Friends reassured him by pointing out that the score did not have the earthy appeal of his earlier film, Raja Hindustani, nor the novelty of AR Rahman’s tunes. Its melody would take time to grow. Dharmesh reacted by going out and shooting one more song, Na na karte pyaar, a fortnight before the film entered the theatres. During the shoot, when he prodded the production guys on how the other songs were performing, he got an unenthusiastic “not bad”.
“All this changed once the film released on August 11, 2000, which happens to be Suniel Shetty’s birthday. Sales shot up overnight and it went on to become a chartbuster, a rarity at the time with most albums fading away once the film was out,” says a gratified Dharmesh.
Dhadkan, an intense love story, with actors cast against type, found a huge fan following, and so did its music. Interestingly, just before Na na karte pyaar, Dharmesh had shot an intimate scene between Akshay and Shilpa in the bedroom, which marks a turning point in their relationship.
“The wife who had been keeping her distance because she was in love with another man, had finally thawed, moved by the way her husband took up for her with his family. And ditching her usual subtle pastels, she had dressed up in a bridal red sari to convey that she was ready to consummate the relationship. It was a beautiful moment leading up to the song, and it broke my heart, and that of my actors too, to leave it out on the editing table. But I had to cut it out while trimming the length of the film. I consoled myself with the thought that since I had taken the bold step of changing the image of my actors, even stopping myself from exploiting Shilpa’s talent as a dancer, I didn’t have to give in to the temptation and take her back to her sexy sexy avatar,” he explains.

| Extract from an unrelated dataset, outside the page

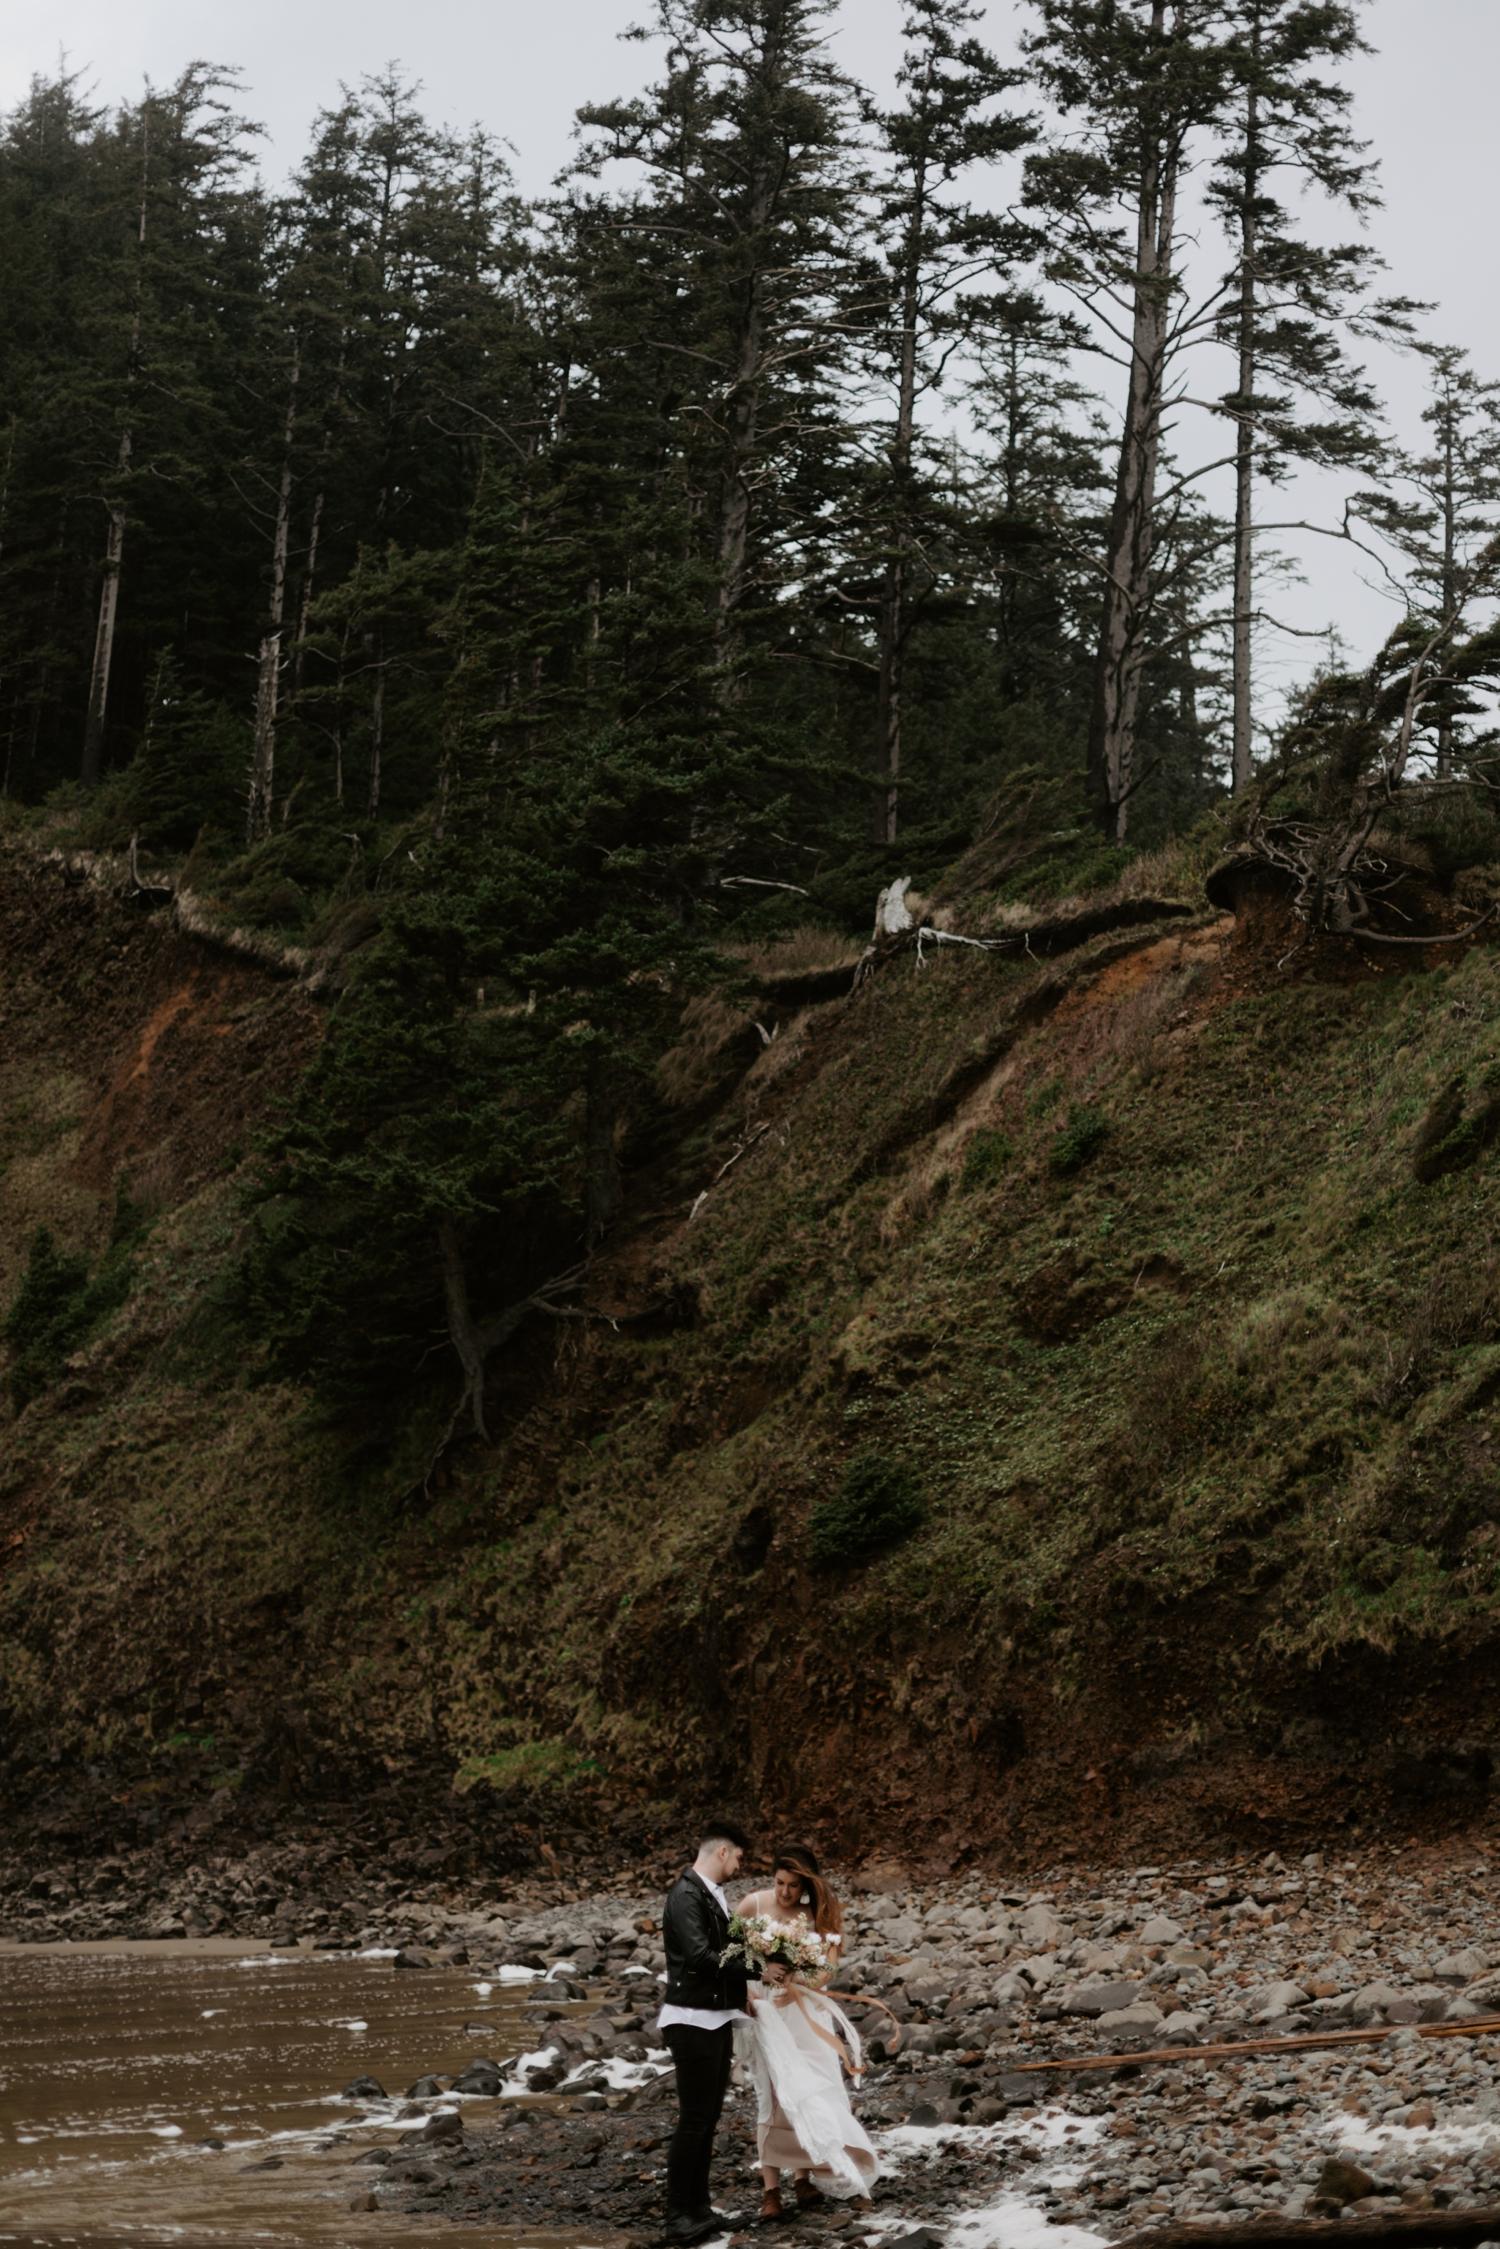 intimate-oregon-coast-elopement-2018-04-26_0003.jpg

He still had one of his biggest USPs, Dulhe ka sehra, sung by Nusrat Fateh Ali Khan. Ustadji had composed the background score for Shekhar Kapur’s Bandit Queen and when Dharmesh heard that he was in town for four-five days, he urged his producers to get him to record a song for them.

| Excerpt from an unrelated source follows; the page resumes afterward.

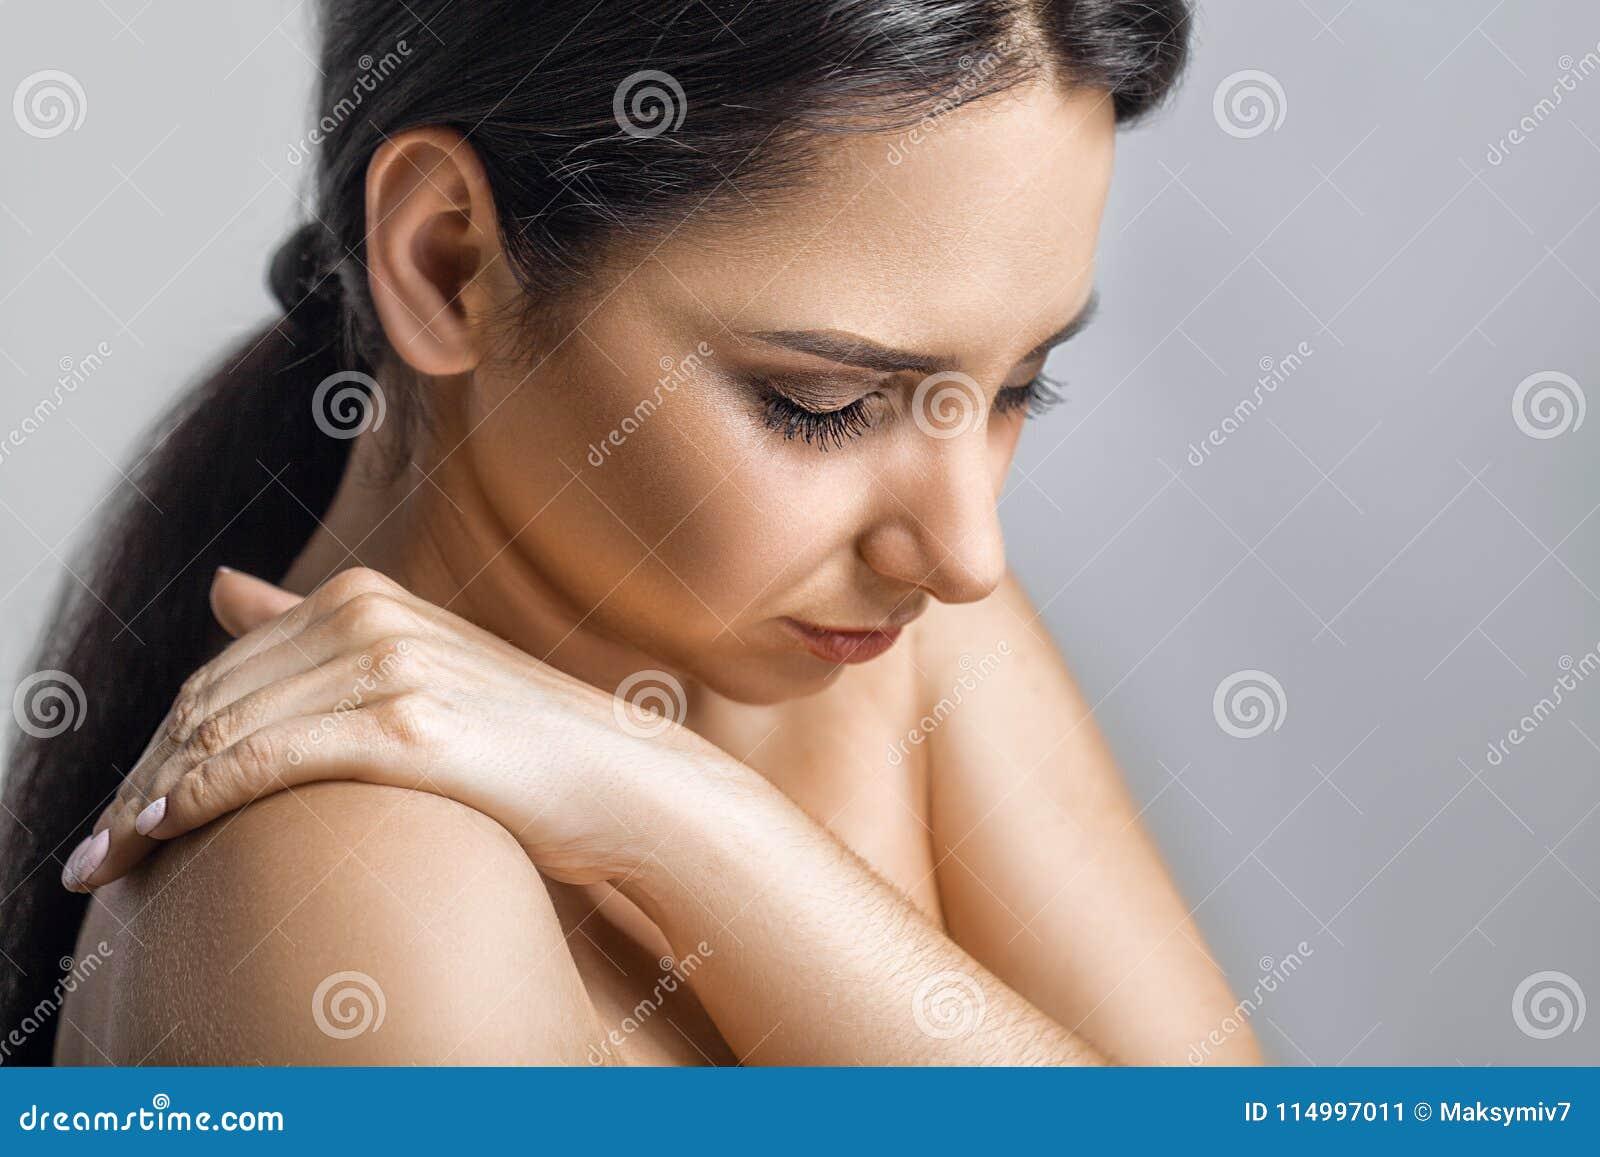 Feeling Up A Woman

“Initially they were sceptical, but Nusrat sahab had loved the music of Raja Hindustani and agreed to come on board. He arrived at the recording studio at 10 pm and left only at 7 the next morning, with Shravanji and me briefing him about the song and the situation. He gave it a unique touch by pronouncing “dhadkan” as “dadkan”, without the ‘h’, in the Punjabi style. I retained that and the song is undoubtedly his most popular Bollywood song,” asserts Dharmesh.
For him the biggest reward is that even after two decades, the film continues to find takers and its songs still resonate. In fact, periodically, there’s been talk of a Dhadkan sequel, but Dharmesh points out that given the film’s popularity, he would take on this responsibility only if he was confident of delivering on sky-high expectations.

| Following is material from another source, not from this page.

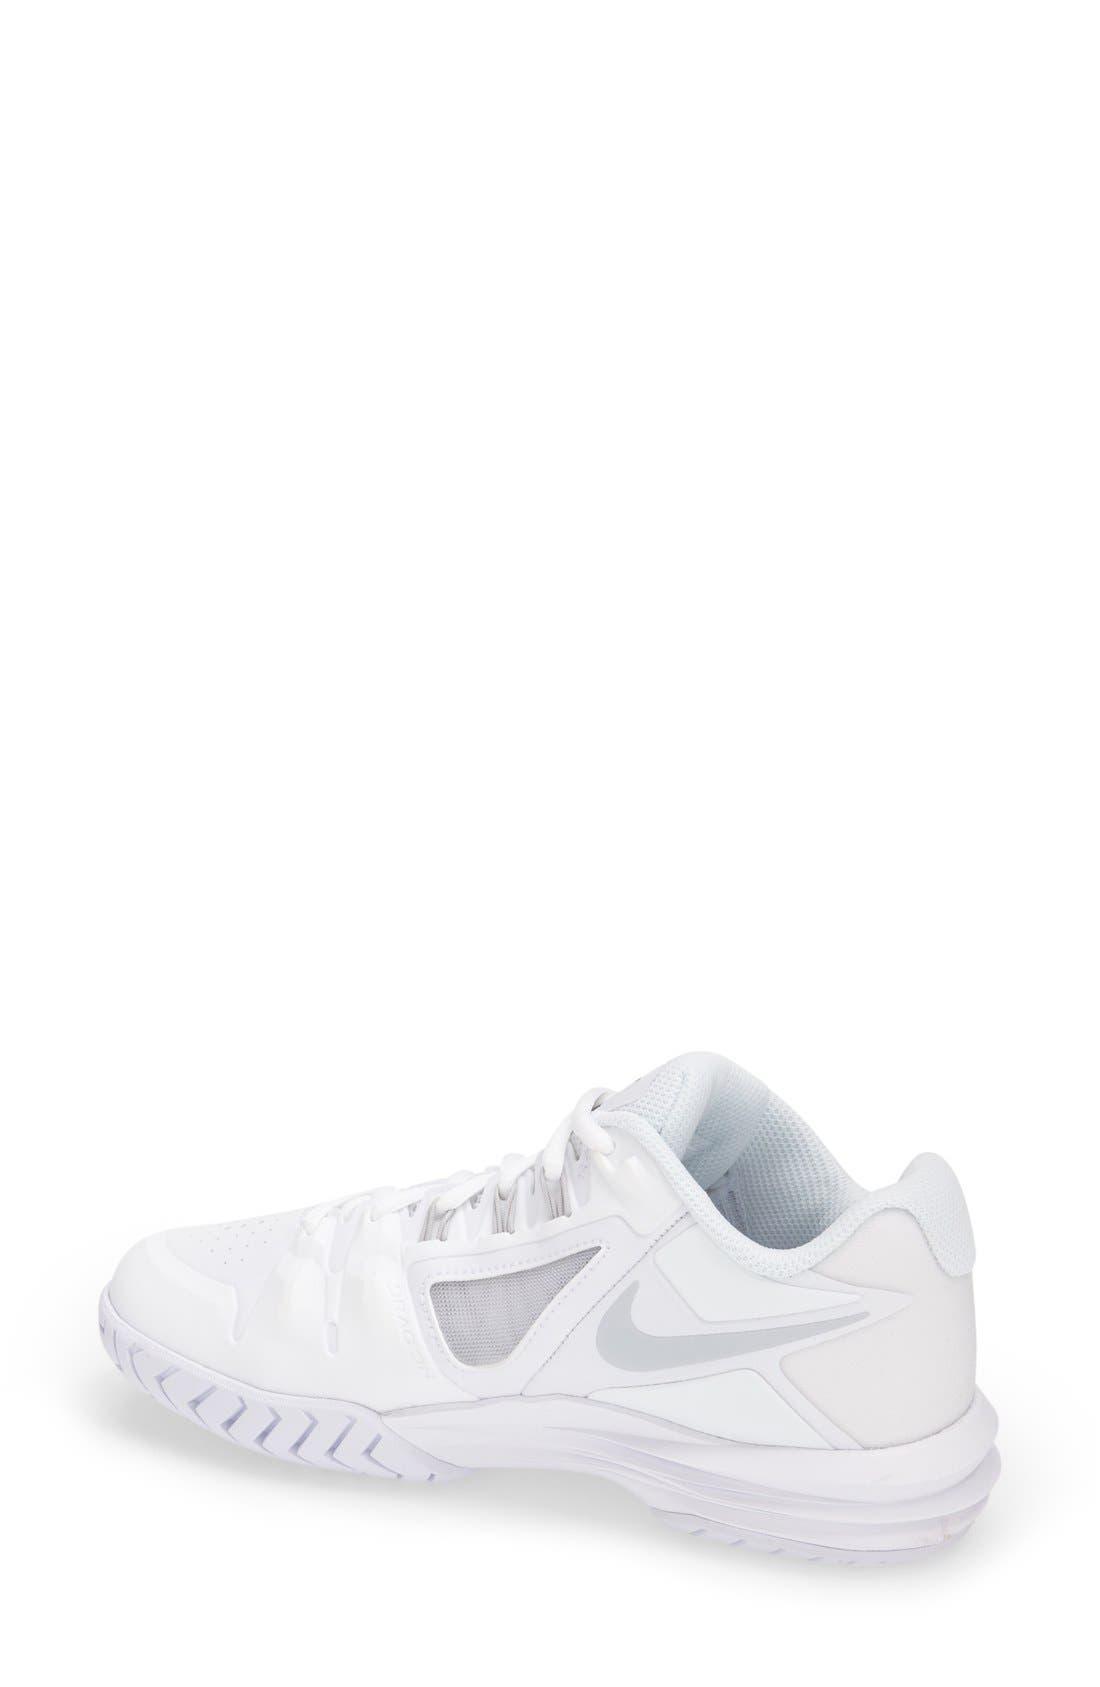 finest selection 136cb 45385 ... best price nike lunar ballistec 1.5 tennis shoe women nordstrom f5b7b  120b3

“It’s not about budgets and big stars. Dhadkan ran entirely on merit and even today, its stars perform the songs at shows on public demand. Satellite and OTT has only increased its shelf life and its reach, and in the process is also getting me lots of offers. But I will come out of my self-imposed sabbatical only when, like Steve Jobs, I am confident of delivering an Apple iPhone,” Dharmesh signs off.